▶ _YOUR ASSIGNMENT_: Copy the listing verbatim, excluding any images found in it.

▶ _DATA BLOCK_:
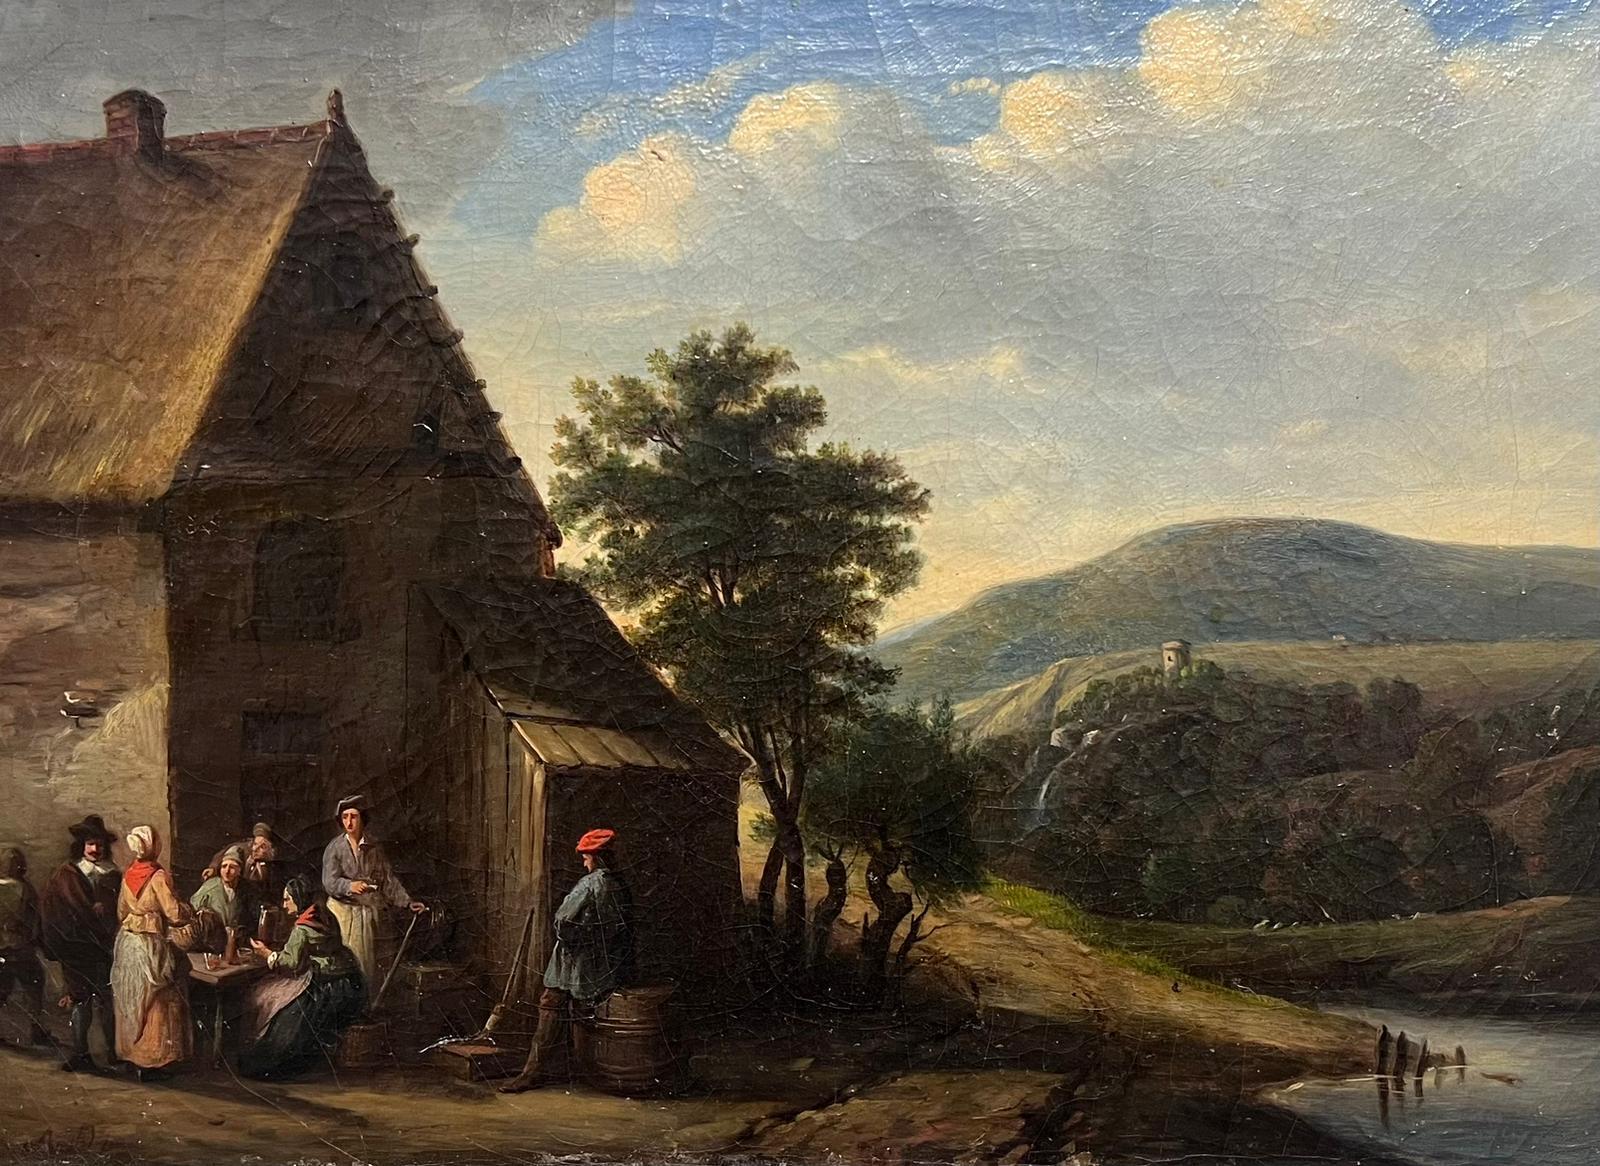 19th century Dutch or Flemish school Landscape Painting - Figures Chatting outside Village Tavern in Mountain Landscape, Period Oil 
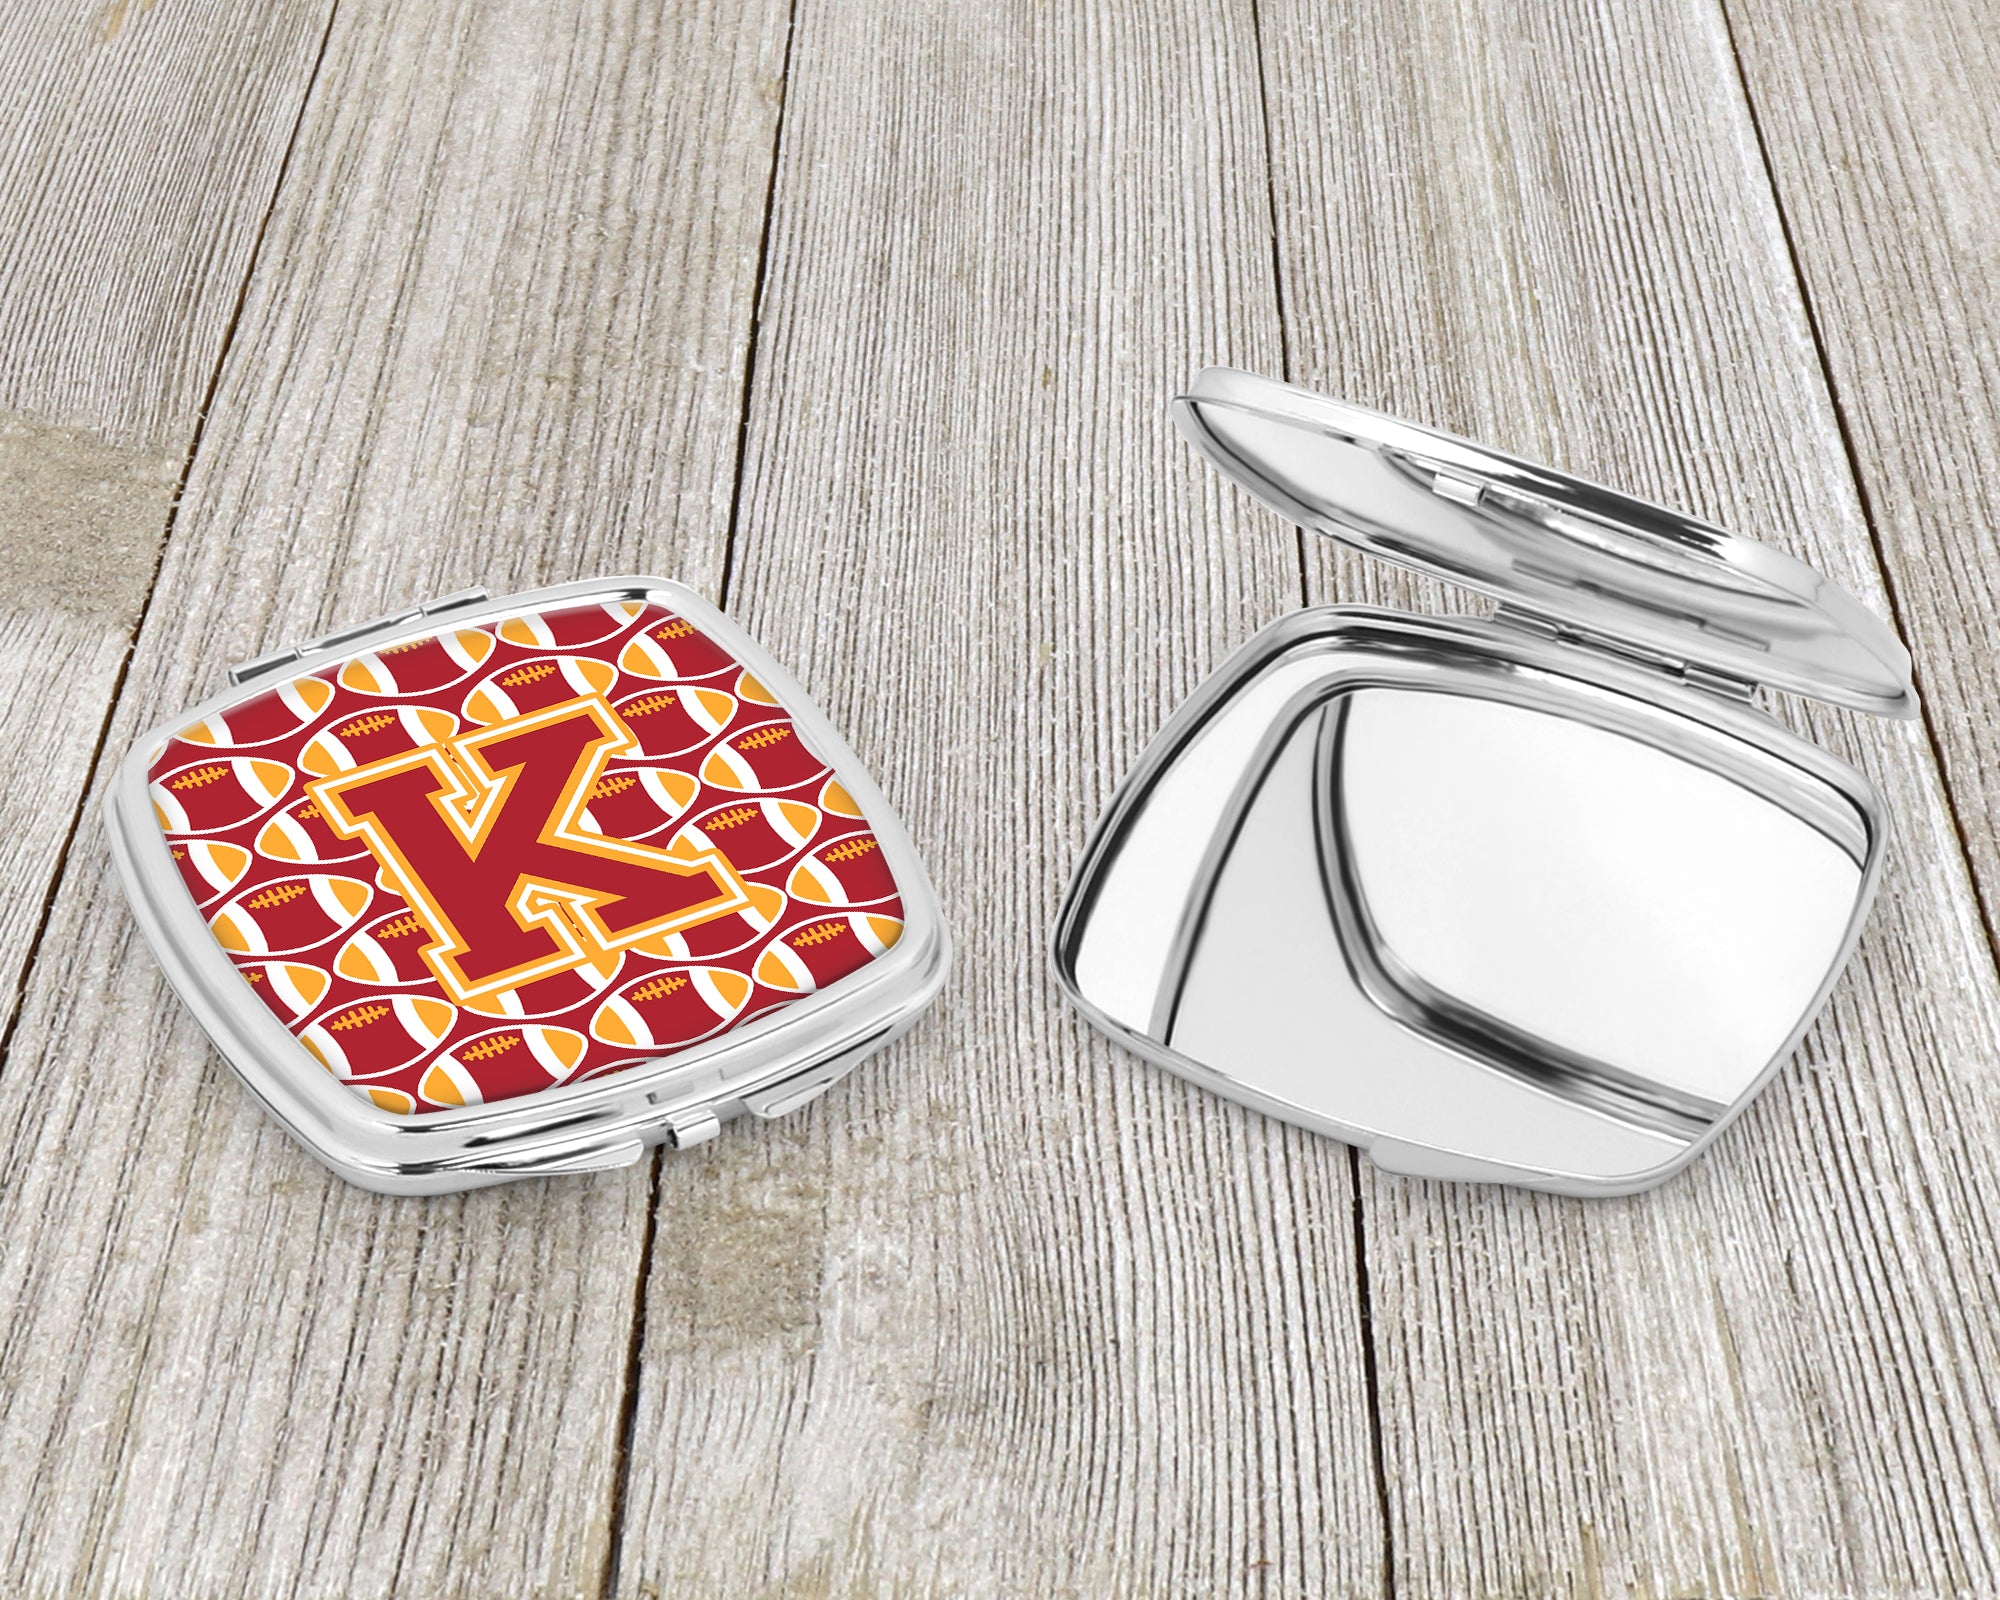 Letter K Football Cardinal and Gold Compact Mirror CJ1070-KSCM  the-store.com.
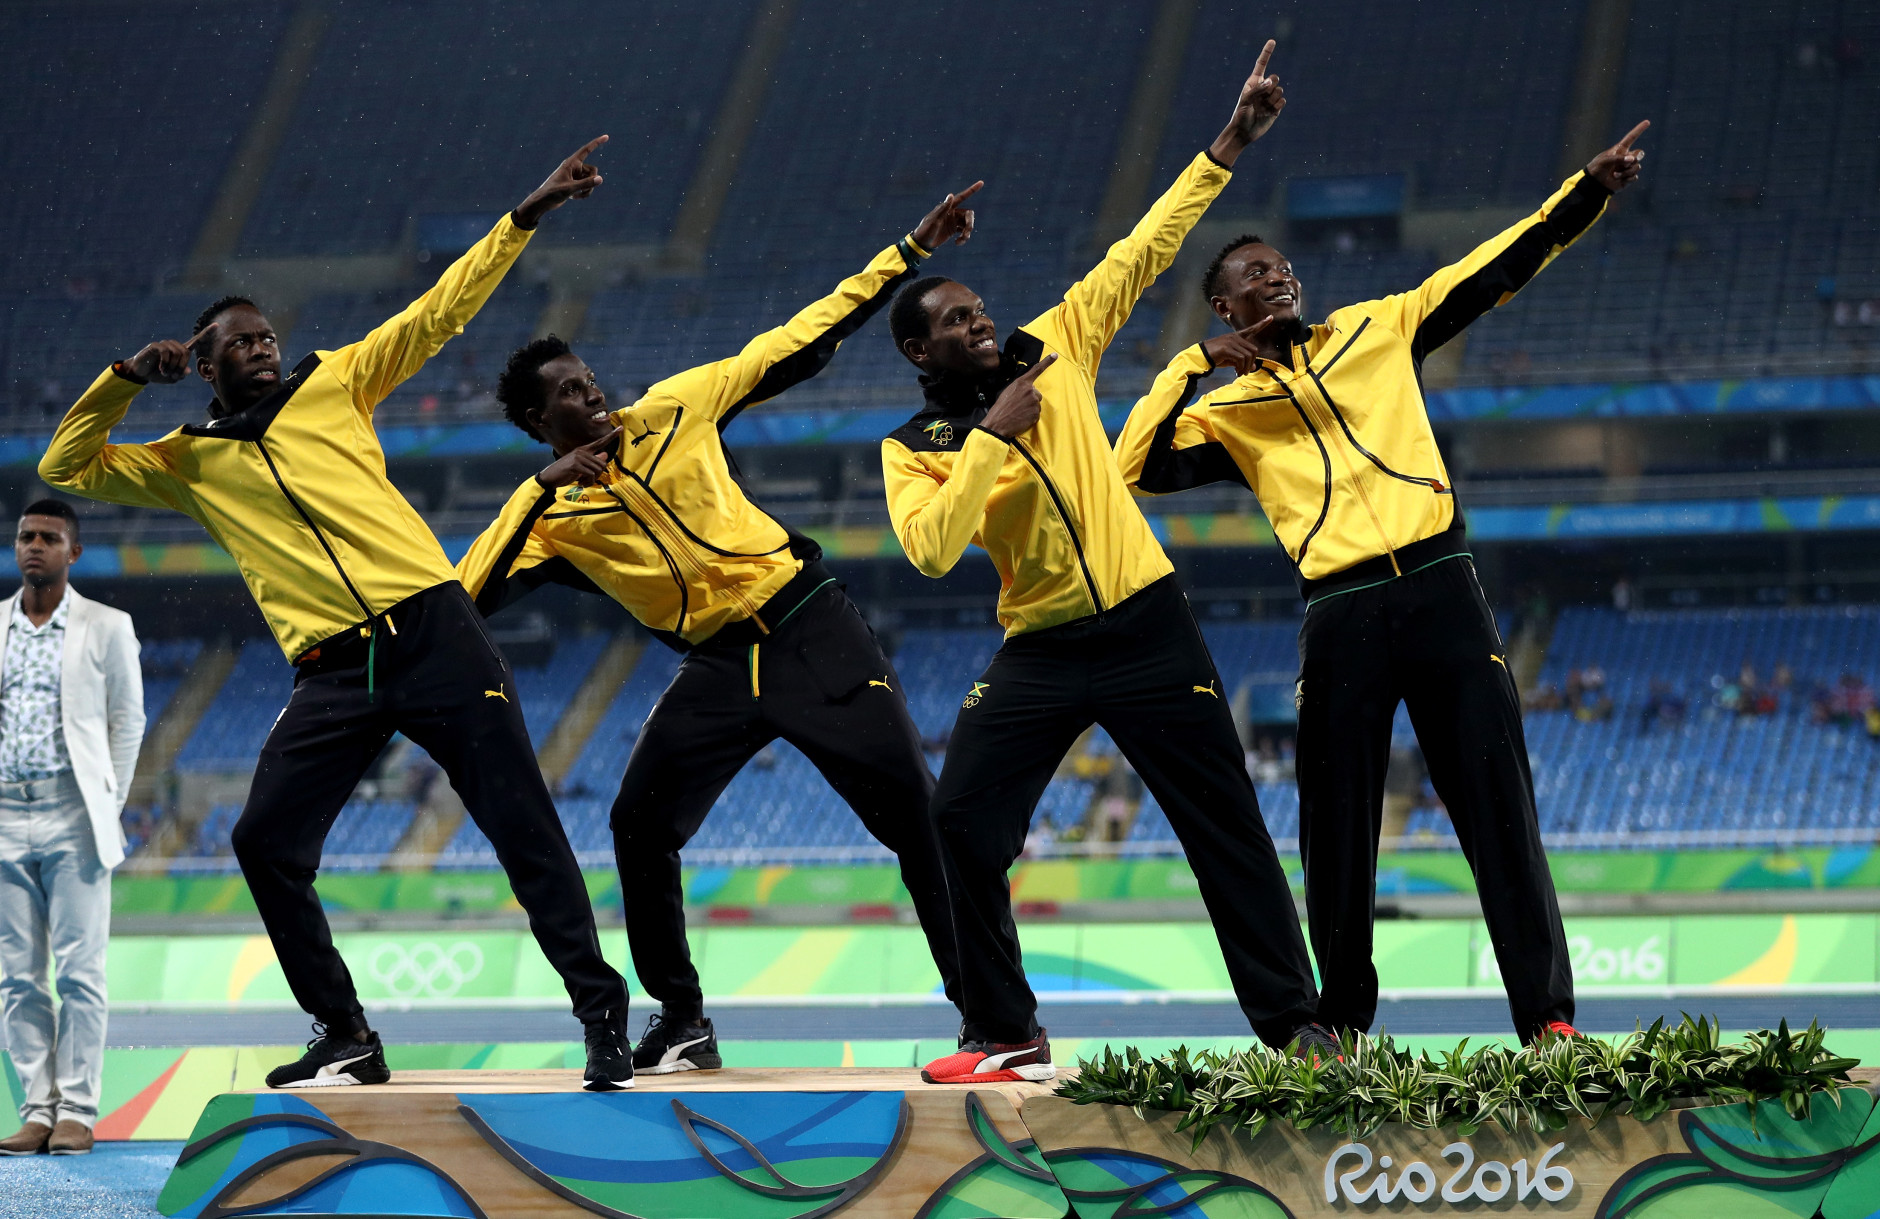 RIO DE JANEIRO, BRAZIL - AUGUST 20:  Silver medalists Peter Matthews, Javon Francis, Naton Allen and Fitzroy Dunkley of Jamaica stand on the podium during the medal ceremony for the Men's 4 x 400 meter Relay on Day 15 of the Rio 2016 Olympic Games at the Olympic Stadium on August 20, 2016 in Rio de Janeiro, Brazil.  (Photo by Patrick Smith/Getty Images)

▶ _EXPECTED OUTPUT_:
 19th century Dutch or Flemish school Landscape Painting - Figures Chatting outside Village Tavern in Mountain Landscape, Period Oil 
 Letter K Football Cardinal and Gold Compact Mirror CJ1070-KSCM  the-store.com.
 RIO DE JANEIRO, BRAZIL - AUGUST 20:  Silver medalists Peter Matthews, Javon Francis, Naton Allen and Fitzroy Dunkley of Jamaica stand on the podium during the medal ceremony for the Men's 4 x 400 meter Relay on Day 15 of the Rio 2016 Olympic Games at the Olympic Stadium on August 20, 2016 in Rio de Janeiro, Brazil.  (Photo by Patrick Smith/Getty Images)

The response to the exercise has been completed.